# Adjustments for Classification

We also have to adjust some of our data approaches for classification problems.

## What we will accomplish

In this notebook we will:
- Discuss the concept of and motivation for stratified splits,
- Demonstrate the `stratify` argument in `train_test_split` and
- Introduce `StratifiedKFold` in `sklearn`.

In [1]:
import numpy as np
import pandas as pd
import matplotlib.pyplot as plt
from seaborn import set_style

set_style("whitegrid")

## Illustrating example

We will start with a contrived example to illustrate the motivation behind <i>stratified</i> splits.

In [2]:
## Some sample output data
y = [0,1,0,0,0,0,0,1,0,0]

Let's say we have some data we would like to model where the `y` above is our output.
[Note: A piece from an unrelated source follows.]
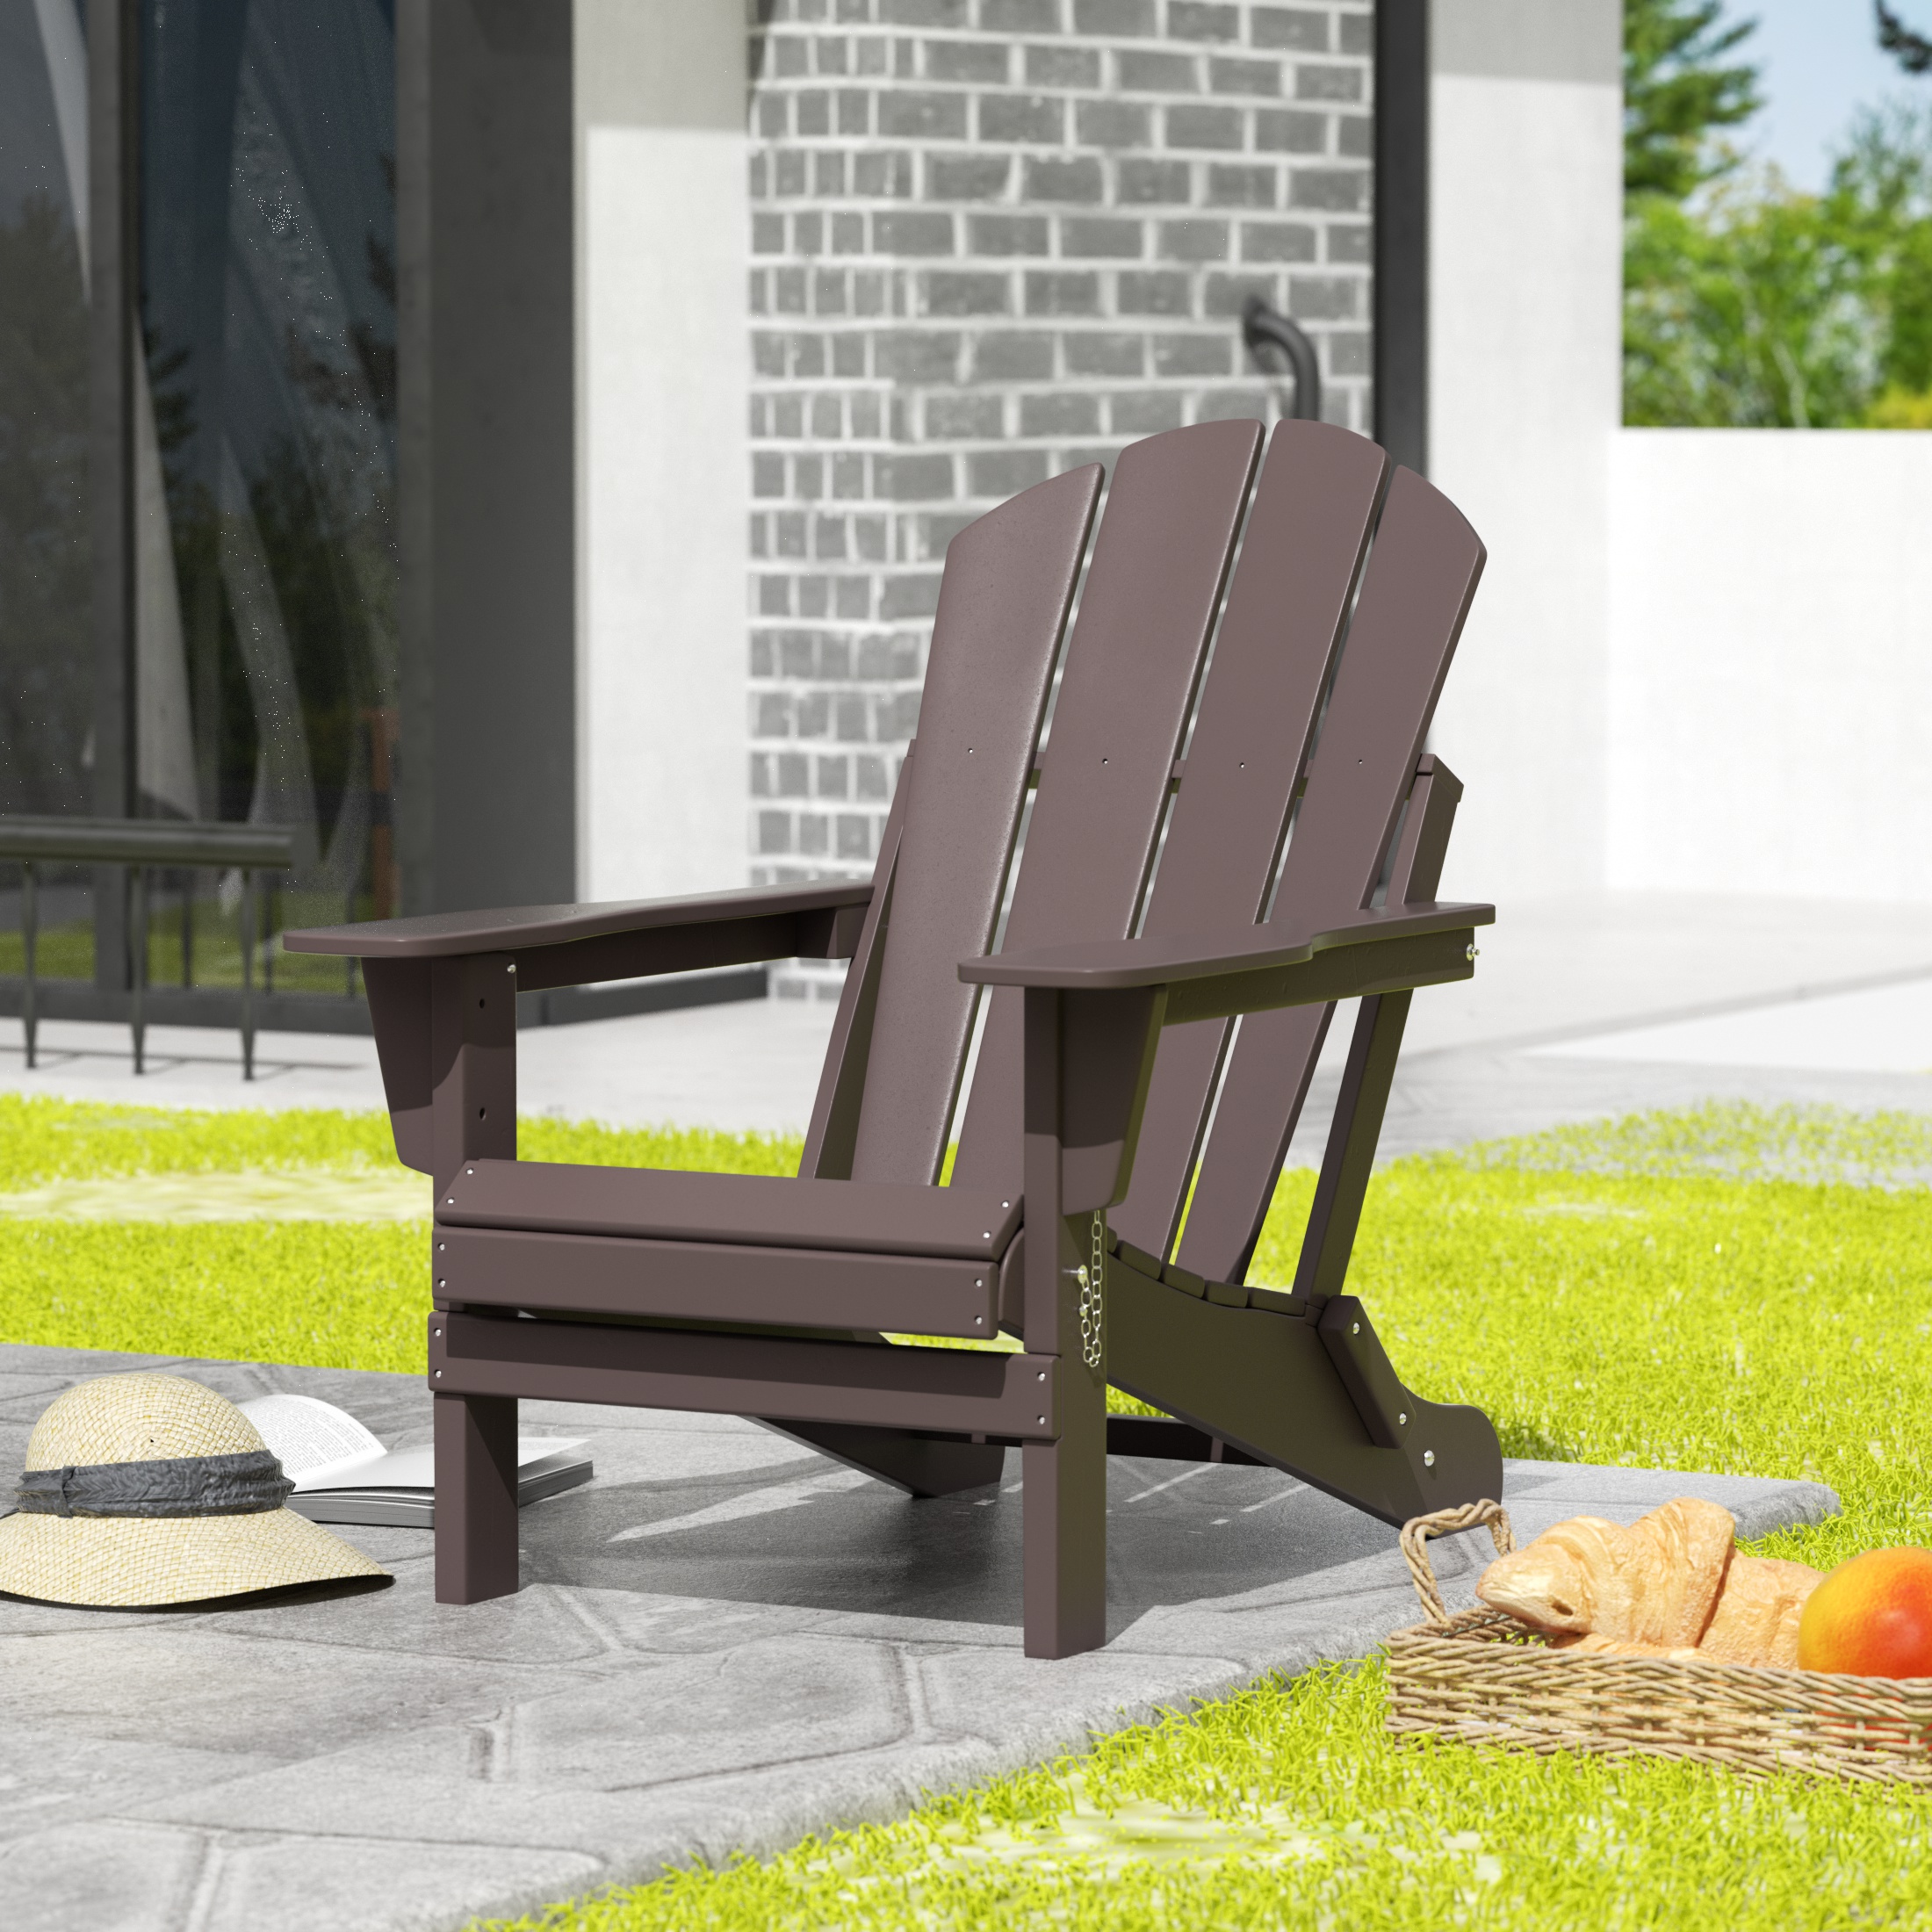 Westintrends Outdoor Folding HDPE Adirondack Chair, Patio Seat, Weather Resistant, Dark Brown - image 1 of 6

Let's now make some train test splits, and print them.

In [3]:
from sklearn.model_selection import train_test_split

In [4]:
np.random.seed(9)
for i in range(5):
    y_train, y_test = train_test_split(y, 
                                       shuffle=True, 
                                       test_size=.2)
    print("Split", i+1)
    print("y_train", y_train)
    print("y_test", y_test)
    print()

Split 1
y_train [1, 0, 1, 0, 0, 0, 0, 0]
y_test [0, 0]

Split 2
y_train [1, 0, 0, 0, 0, 0, 1, 0]
y_test [0, 0]

Split 3
y_train [0, 0, 0, 0, 0, 0, 0, 0]
y_test [1, 1]

Split 4
y_train [0, 1, 0, 0, 0, 1, 0, 0]
y_test [0, 0]

Split 5
y_train [0, 0, 0, 1, 1, 0, 0, 0]
y_test [0, 0]



While this may be a silly example, it does highlight an issue that can occur when doing train test splits with categorical data, particularly when your data is highly <i>imbalanced</i>, meaning one of the categories is far more present than the other(s).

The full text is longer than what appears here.